2.  In a food processor, puree the no-soy tofu, nutritional yeast, flour, arrowroot, olive oil, onion powder, salt, turmeric, and mustard.  Stir the tofu mixture into the vegetables in the pan and then scrape all of the filling into the prepared pie pan, smoothing out the top. Bake for 45 minutes in the preheated oven. Allow to cool on a wire rack for 15-20 mins. before slicing and serving.

 For more delicious vegan recipes, check out Whole Foods Wednesdays and Wellness Weekend!  And, indeed, we are well this weekend. Sawyer and Abiline are so thrilled about their new shoes. Sawyer's light up every time he stomps--and so does his face.  


  1. What a great concept! I can't wait to try this tofu. And your kids are totally adorable! :) Thanks so much for linking up to Wellness Weekend this week! :)

  2. Thanks, Riki! I hope you try it and like it!

  3. This is so, so smart! I love it. You're one creative Mama!

    Be Well,

  4. YES! Thank you for a soy free recipe I can't wait to try this!!

  5. Do you think that you could sub 1/2 cup quinoa flour to make a complete protein? Thanks again I am making right now!

    1. I have never cooked with quinoa flour, but I don't see any reason why not. You'll have to let me know how it turns out!

  6. THANKS SO MUCH!! Allison, I found your site this morning after searching for no-soy tofu. I used tofu in a "crustless quiche" that was my usual breakfast, but can no longer tolerate soy and was wondering what to do now. It's great to know that there are substitutes!

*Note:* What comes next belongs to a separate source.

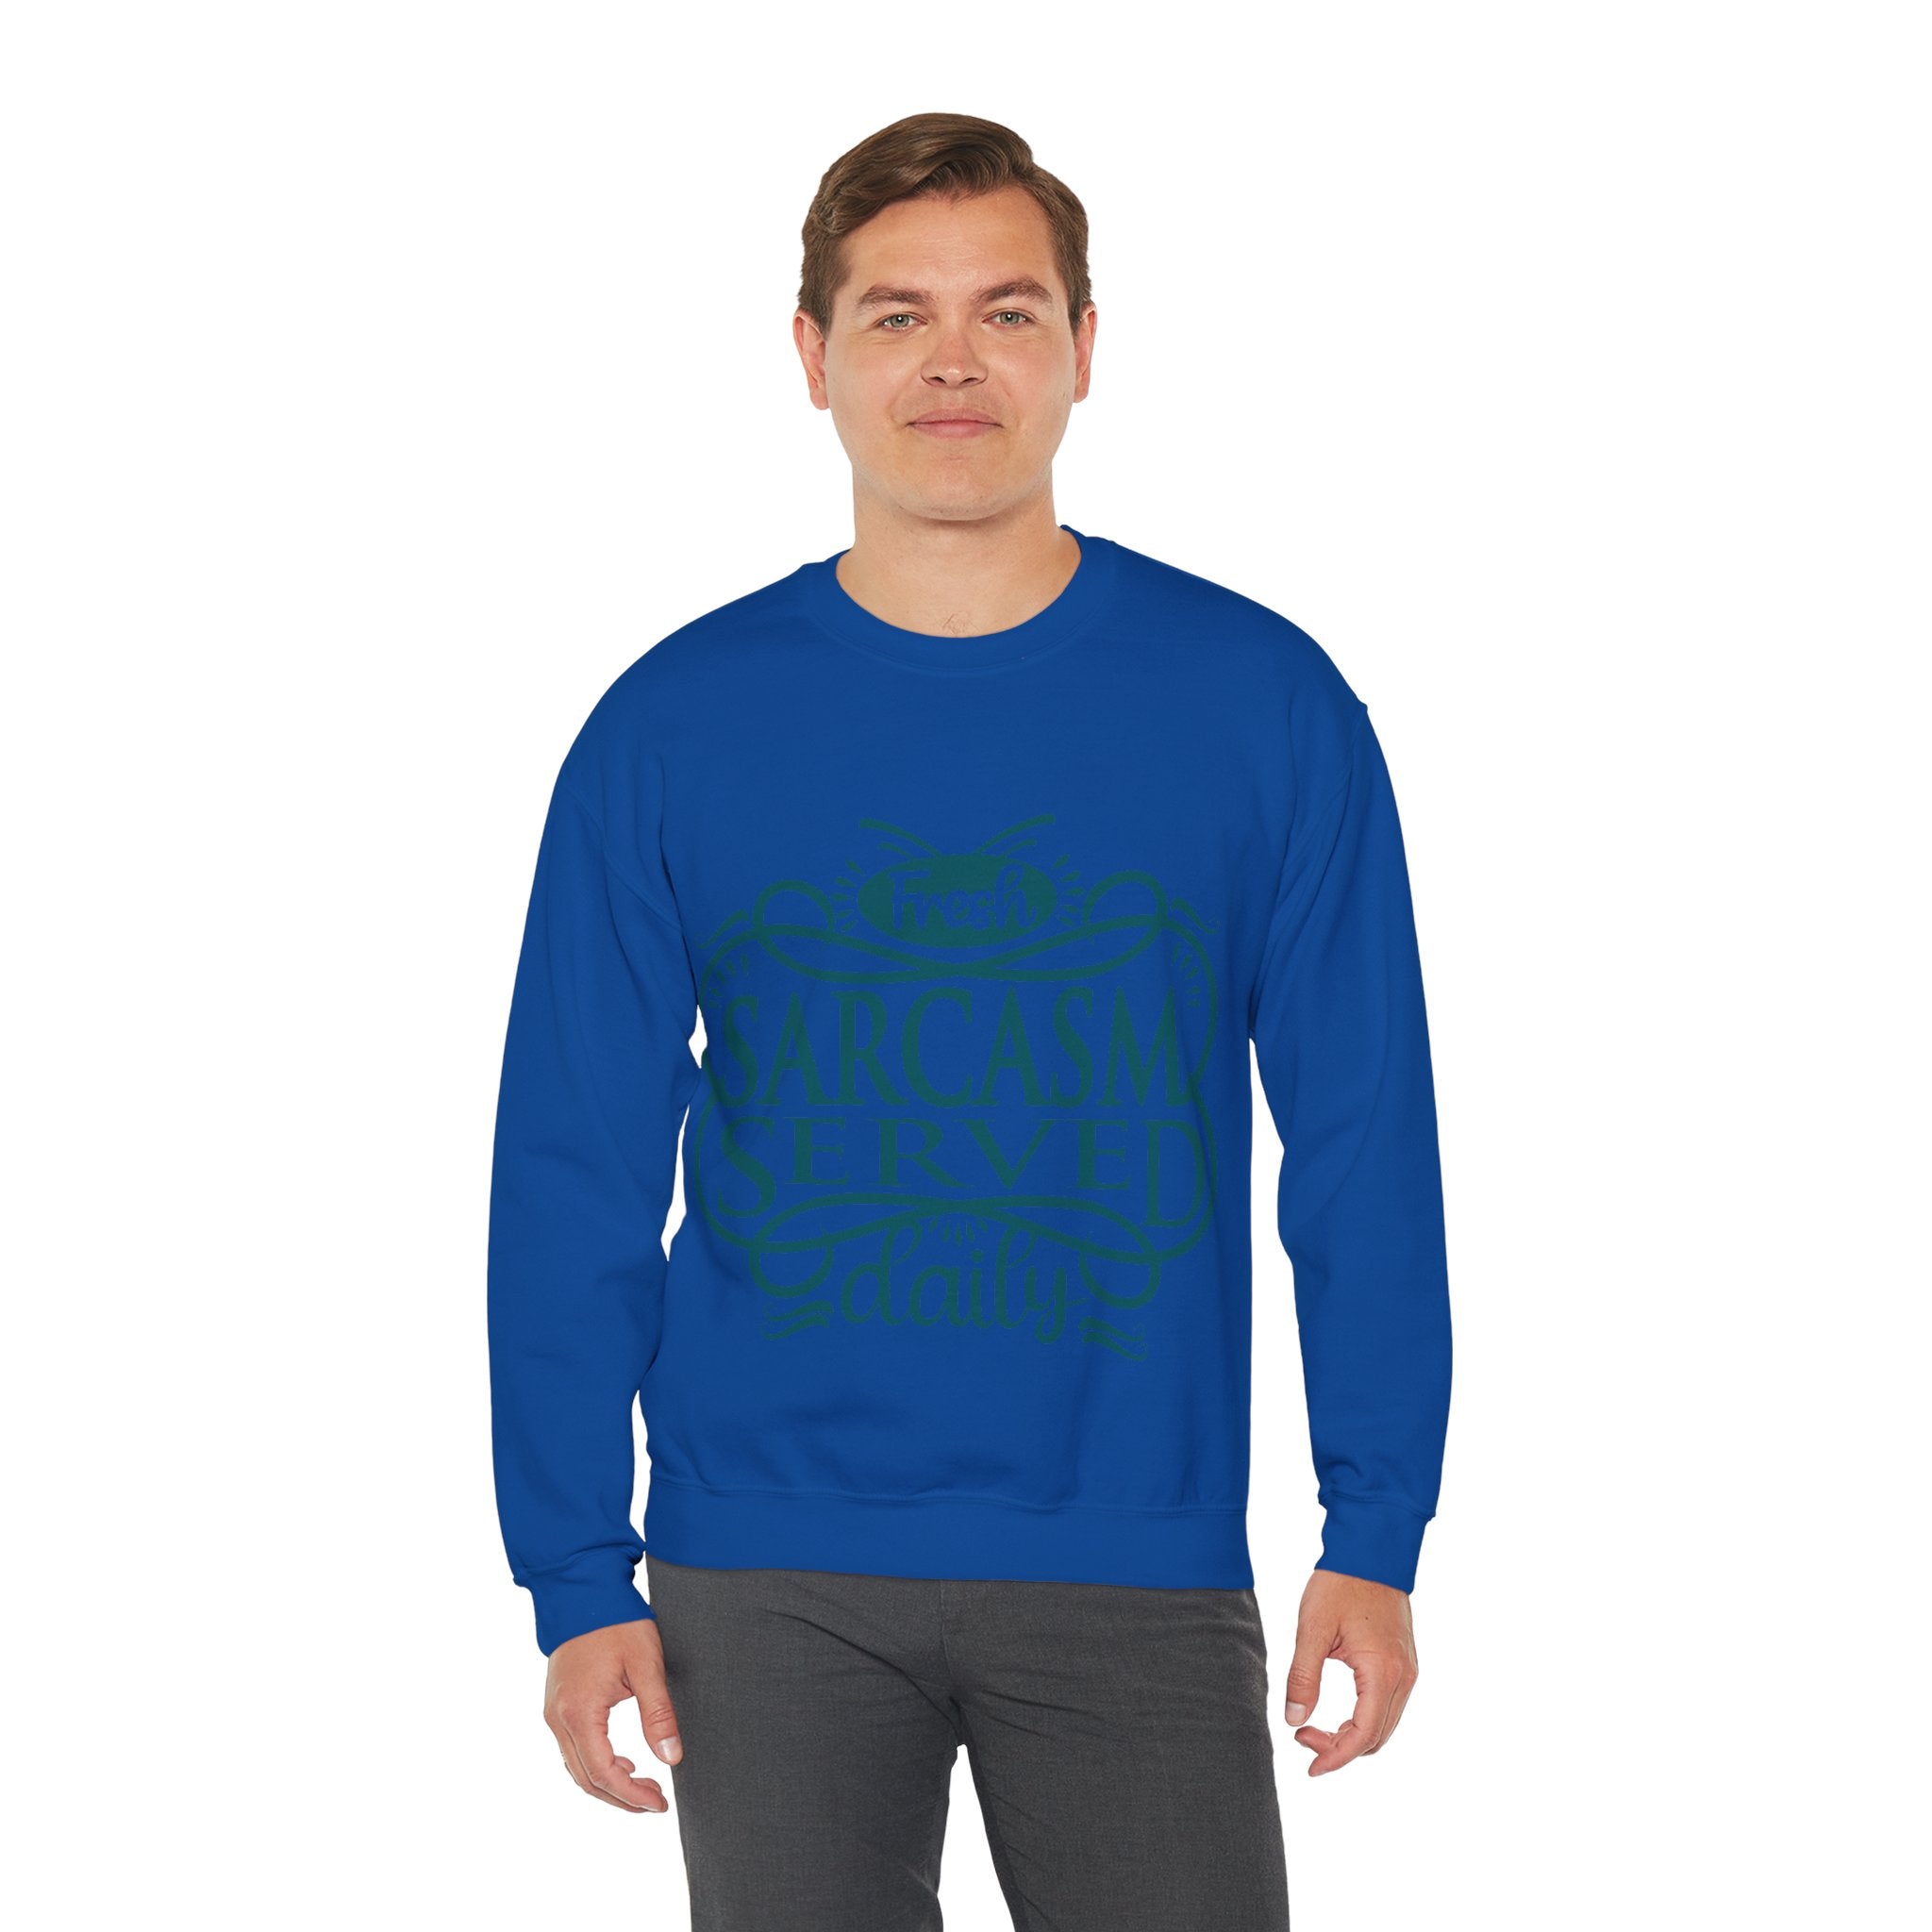 Sarcastic Sweatshirt for men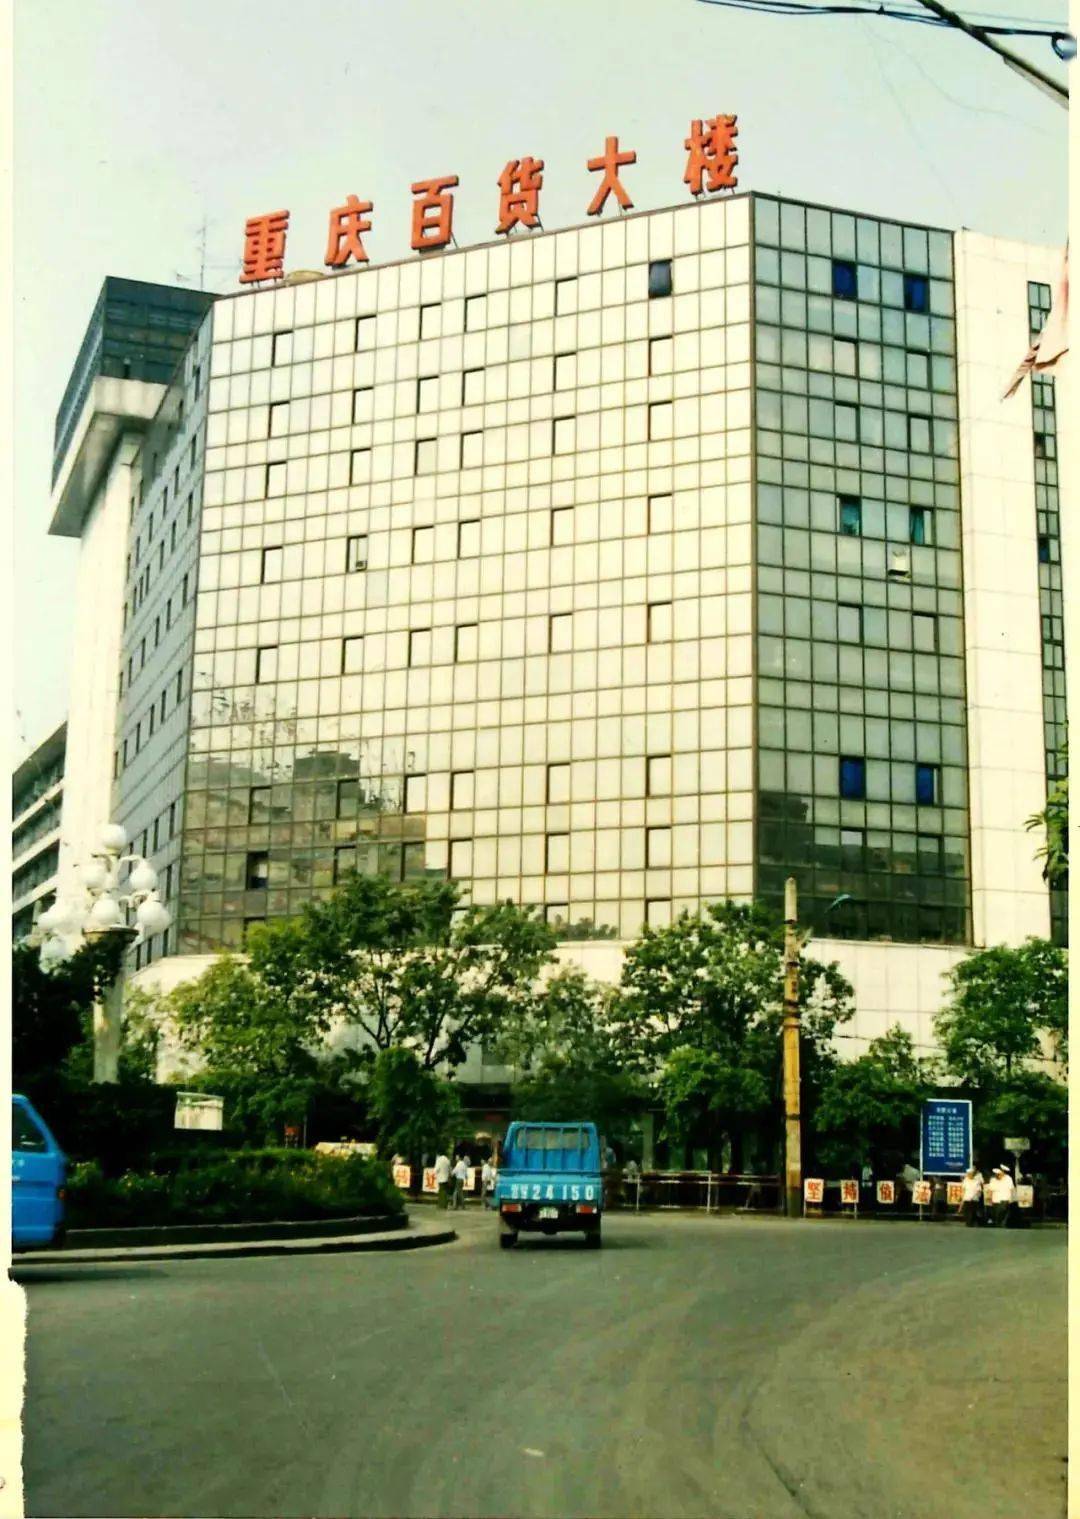 重庆百货前身为"宝元通",于1920年由萧则可等5名有志青年创建,1950年

    BTW, the rainy season in Oregon will end soon, the sun will shine and it will be lovely. You and your family will love the summers here!

    1. I'm so glad you found this recipe, Sarah! The Portland winter hasn't been so bad, actually--but I hear this year was especially dry!

  7. Can you use this in sautés like with regular tofu? I tried another recipe and the longer I kept it in the fridge, the more it fell apart. After you make this (I'm using garbanzo bean flour) do you advise keeping it in the pan ( don't think I'll be able to use it all at once) any tips you can provide would be so great, thanks!

    1. I have had success baking or broiling it, but it won't saute like soy tofu. I usually keep mine in the pan and find that it stays good for about a week.